Near miss from a silent killer

Narrative

On a picture perfect Sydney summer Sunday, a family of Mum, Dad and three young siblings were out enjoying a day on their wakeboard boat. After a few hours of enjoying towing activities, the boat was making its way back to a boat ramp in Middle Harbour. When passing through a 4 knot zone, the kids decided to sit on the marlin board with their backs against the transom. A short time later, the kids decided to lie on their bellies with their feet trailing in the water.

Soon, the father noticed that his four year old son appeared unconscious with this face in the water. They immediately retrieved the boy, contacted 000 and met an ambulance at the boat ramp. With the application of 100% oxygen therapy at the scene, and later treatment in hospital, the boy made a full recovery. But it was very close.

What happened? The boy suffered from carbon monoxide (CO) poisoning, known on boats a ‘the silent killer.’ The boy’s sister explained later that her brother thought it would be fun to place his face in the exhaust bubbles in the water. He inhaled CO, rendering him unconscious very quickly. Further exposure would have led to death.

CO is a product of combustion of engines, more being produced from petrol engines than diesel engines.

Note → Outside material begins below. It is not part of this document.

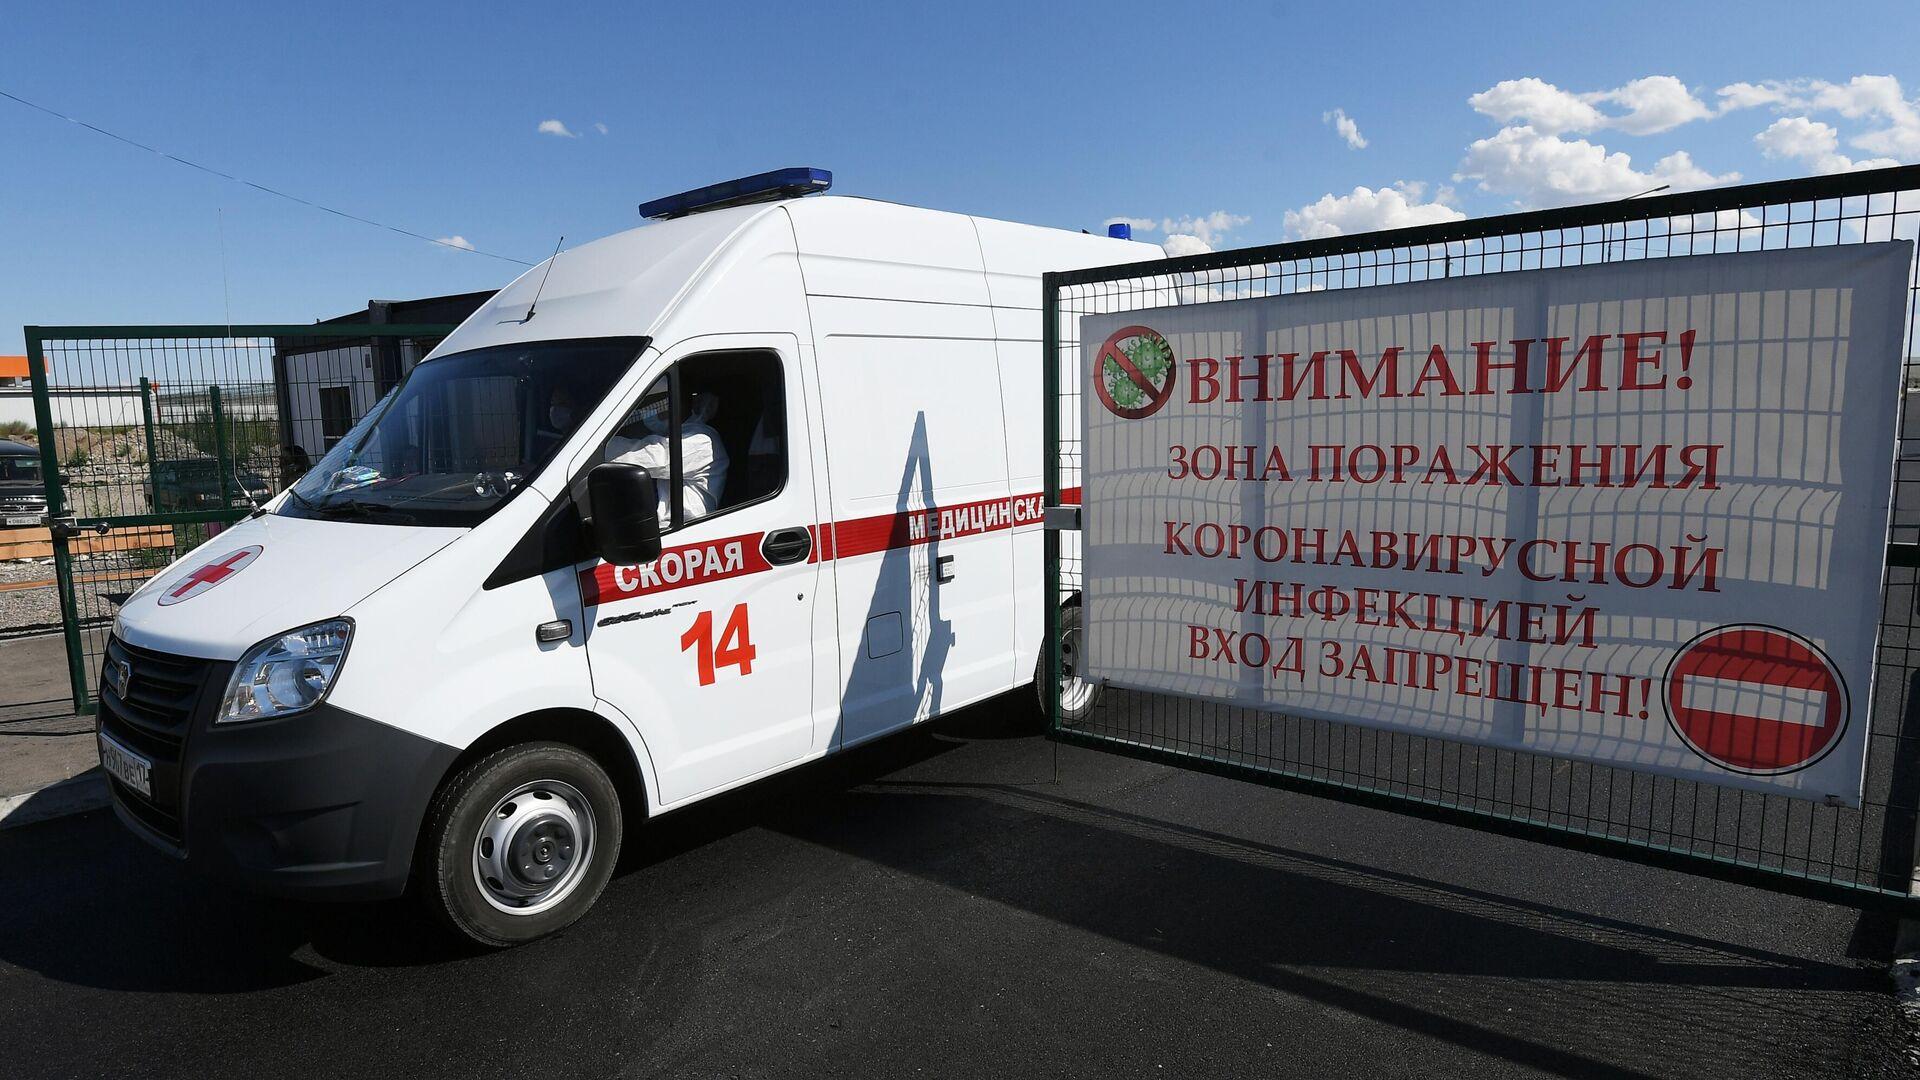 Автомобиль скорой медицинской помощи выезжает с территории многофункционального военного ковид-госпиталя в Кызыле - РИА Новости, 1920, 28.07.2021
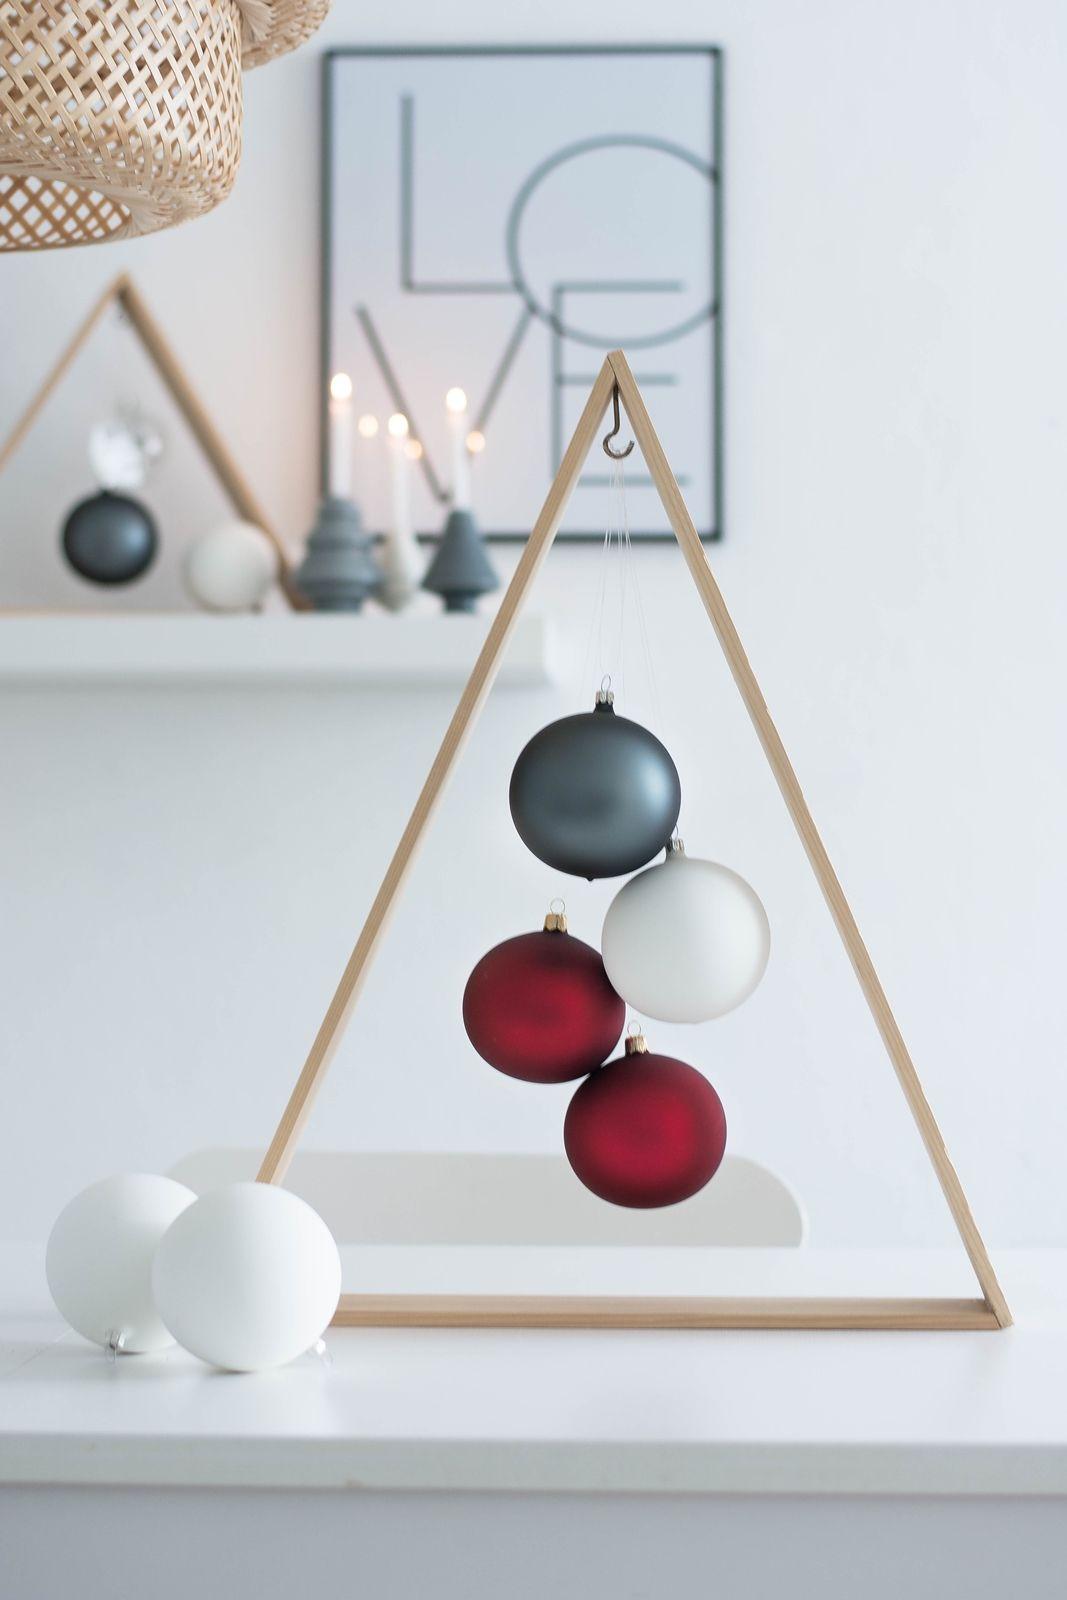 der kreative diy blog fr wohnsinnige und selbermacher erste weihnachtsdeko ein diy weihnachtsbaum fr minimalisten - Diy Weihnachtsdeko Blog

CO is odourless, colourless and tasteless. It bonds to our blood’s haemoglobin 240 times faster than oxygen, thus depriving our internal organs of oxygen very quickly. It is deadly.

Lessons Learned:

  1. Never allow anyone to sit on marlin boards or swim platforms whilst a vessel is underway, or even at rest whilst engines are idling.
  2. Never “teak surf”, which is an activity where people hang on to the marlin board and get towed along by a moving boat.
  3. Make sure all compartments of a boat are well ventilated at all times, and be aware of the “caravan effect” (see Safety Report titled ‘Covers could have been a covert killer’).
  4. Be aware of on-board generators – even when a vessel is anchored or moored, generators still produce CO. This is particularly present at or near the swim platforms of houseboats. Never allow people to swim under these platforms.
  5. Be aware of the symptoms – victims will appear bright red, or flushed, and their extremities, such as toes and finger tips will appear bluish in colour. Early symptoms include the victim feeling tired, confused, sluggish, slurry speech.